According to the subject heading, the Liberal Arts Dean at UNO wanted to offer her congratulationds. Uh huh, congratulationds. Listen, I know we’re all human. I know the last two letters of her newfangled spelling are neighbors on the keyboard and can easily be tapped in tandem. And I know that spell check doesn’t include the subject line. But a typo from a Dean sent to perspective students to a writing program?


When Southern Politeness Becomes A Blatant Act of Stupidity


On Monday I got a letter from Murray State. For ten minutes the slim envelope teetered in the palm of my sweaty hand. When I stopped hyperventilating and my knees settled into a more controlled spasm, I tore open the seal, pulled free the letter and read the note:

Your application for admission to the Creative Writing Program was forwarded to the department for evaluation. They have notified us that you are not eligible for admissions to their program. Other questions concerning this decision should be directed to the department.
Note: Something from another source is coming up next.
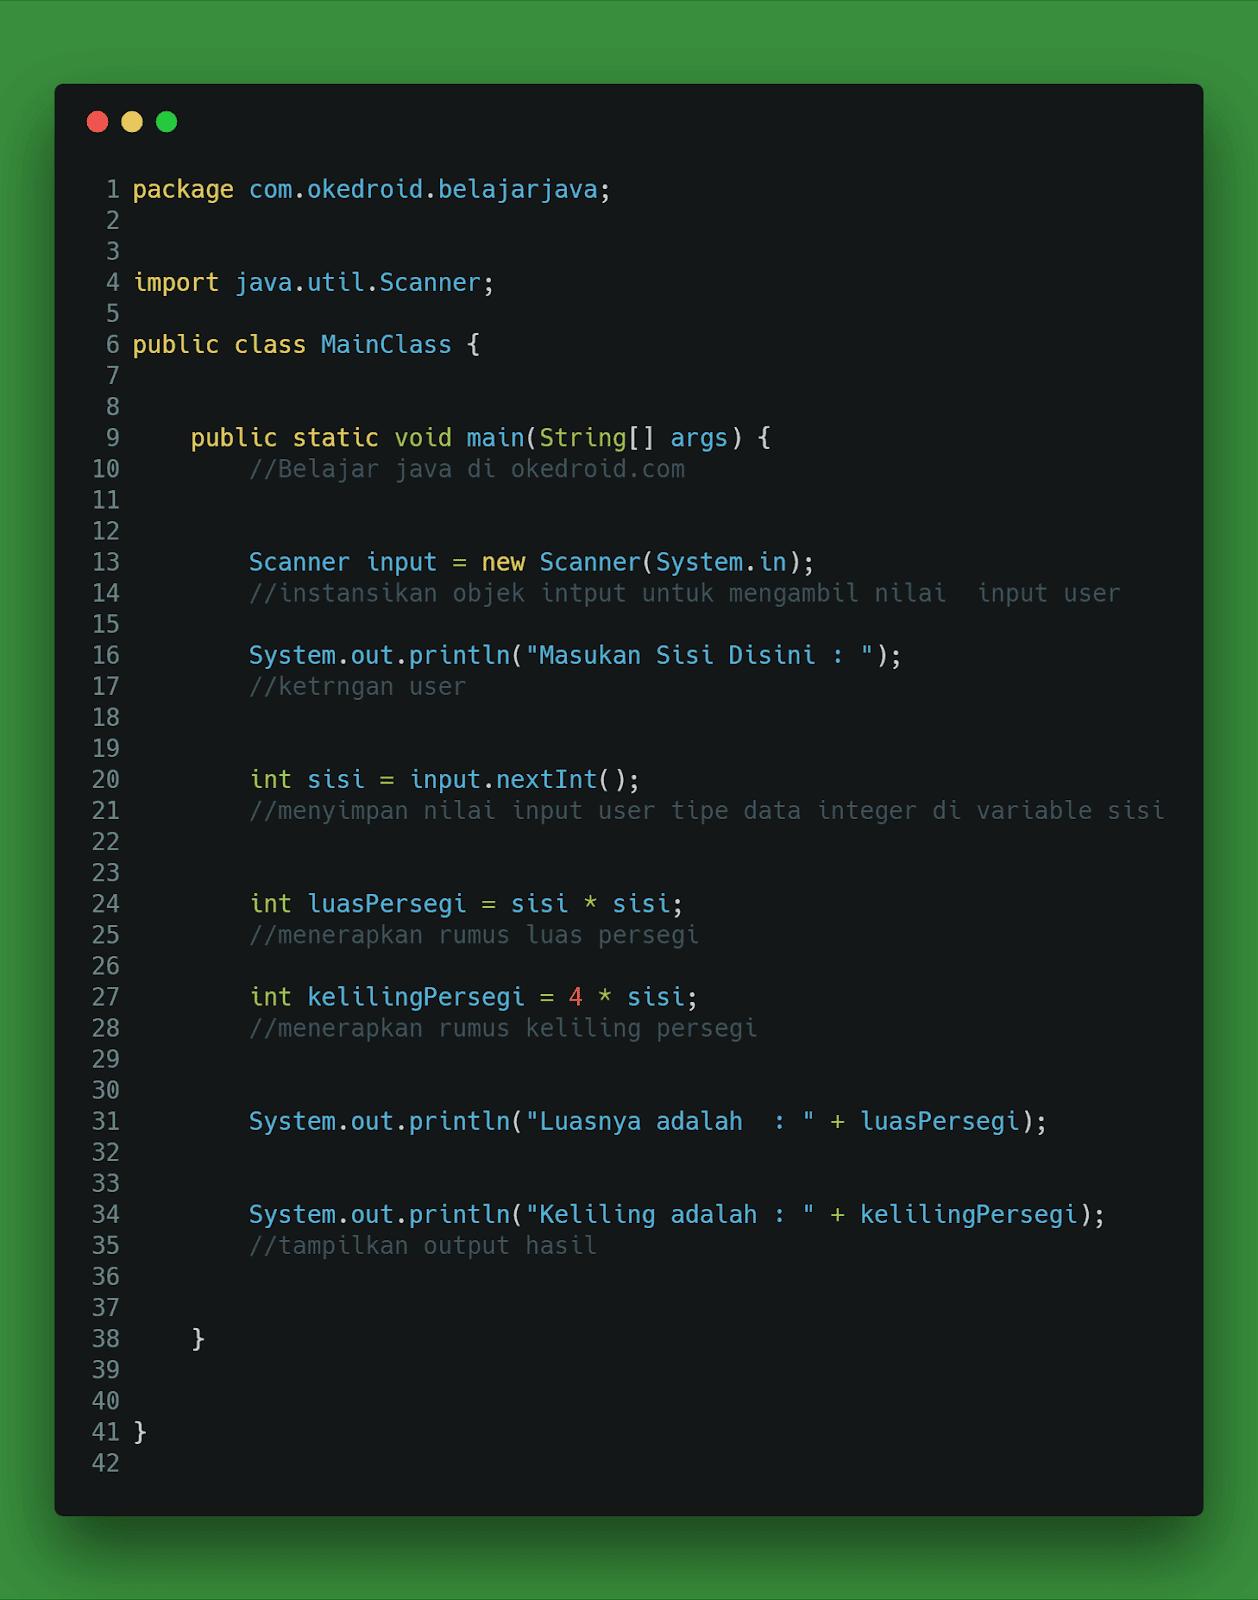 Contoh Code Program Menghitung Luas dan Keliling Persegi di Java

Last I checked, ‘not eligible’ meant failing to meet the requirements for review. Never have I understood ‘not eligible’ to be a synonym for rejected. And it turns out this wasn’t the first linguistic curiosity put forth from this school. I had a run in with them regarding the definition of an official transcript. Anyway, with my fate certainly uncertain, I called the admissions office and asked for clarification.

“Hi Kitty, my name is Paige and I received a letter from you earlier today.”

“Yes ma’am,” she answered in her syrupy southern drawl.

“I just wanted to confirm that ‘not eligible’ doesn’t mean my file was incomplete and therefore void. You see, there had been a misunderstanding about transcripts and perhaps that was part of the issue.”

“It means you are not eligible,” she stated, her voice exaggerating the last two words as if speaking them more distinctly would magically attach meaning.

“Right, but does ‘not eligible’ mean rejected as in you reviewed my completed file and have decided to not offer me a slot in the incoming class or does it mean you were unable to review my file due to missing data. Because if it’s the second one, I’d like to rectify the situation.”

“Well, we were trying to be polite but I guess it backfired. You were rejected,” she said with a country club cackle, the kind that pairs well with tennis whites and a scotch on the rocks.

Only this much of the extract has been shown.